We'll now target integrations of differentiable physics (DP) setups into NNs. When using DP approaches for learning applications, there is a lot of flexibility w.r.t. the combination of DP and NN building blocks. As some of the differences are subtle, the following section will go into more detail. We'll especially focus on solvers that repeat the PDE and NN evaluations multiple times, e.g., to compute multiple states of the physical system over time.
To re-cap, here's the previous figure about combining NNs and DP operators. In the figure these operators look like a loss term: they typically don't have weights, and only provide a gradient that influences the optimization of the NN weights:
---
height: 220px
name: diffphys-short
---
The DP approach as described in the previous chapters.
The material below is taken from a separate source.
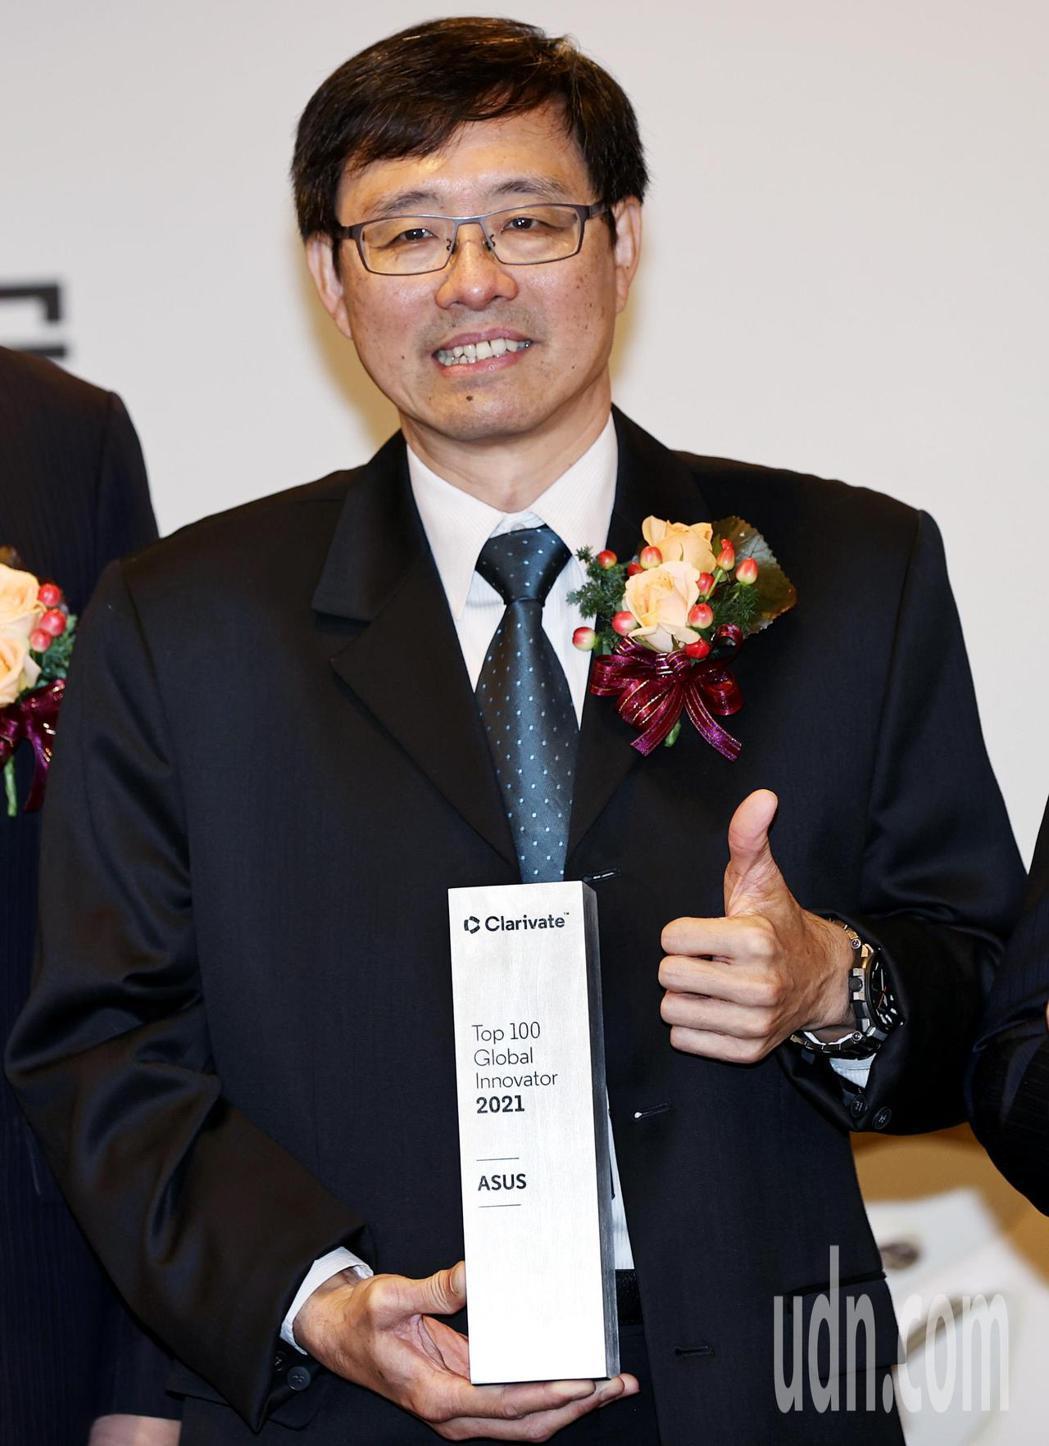 華碩共同執行長許先越出席科睿唯安全球百大創新機構頒獎典禮。記者侯永全/攝影

A network produces an input to a PDE solver $\mathcal P$, which provides a gradient for training during the backpropagation step.
This setup can be seen as the network receiving information about how it's output influences the outcome of the PDE solver. I.e., the gradient will provide information how to produce an NN output that minimizes the loss.
Similar to the previously described physical losses (from {doc}physicalloss
), this can mean upholding a conservation law.
However, with DP, there's no real reason to be limited to this setup. E.g., we could imagine a swap of the NN and DP components, giving the following structure:
---
height: 220px
name: diffphys-switch
---
A PDE solver produces an output which is processed by an NN.
In this case the PDE solver essentially represents an on-the-fly data generator. That's not necessarily always useful: this setup could be replaced by a pre-computation of the same inputs, as the PDE solver is not influenced by the NN. Hence, there's no backpropagation through
However, this version does not leverage the gradient information from a differentiable solver, which is why the following variant is much more interesting.
In general, there's no combination of NN layers and DP operators that is forbidden (as long as their dimensions are compatible). One that makes particular sense is to "unroll" the iterations of a time stepping process of a simulator, and let the state of a system be influenced by an NN.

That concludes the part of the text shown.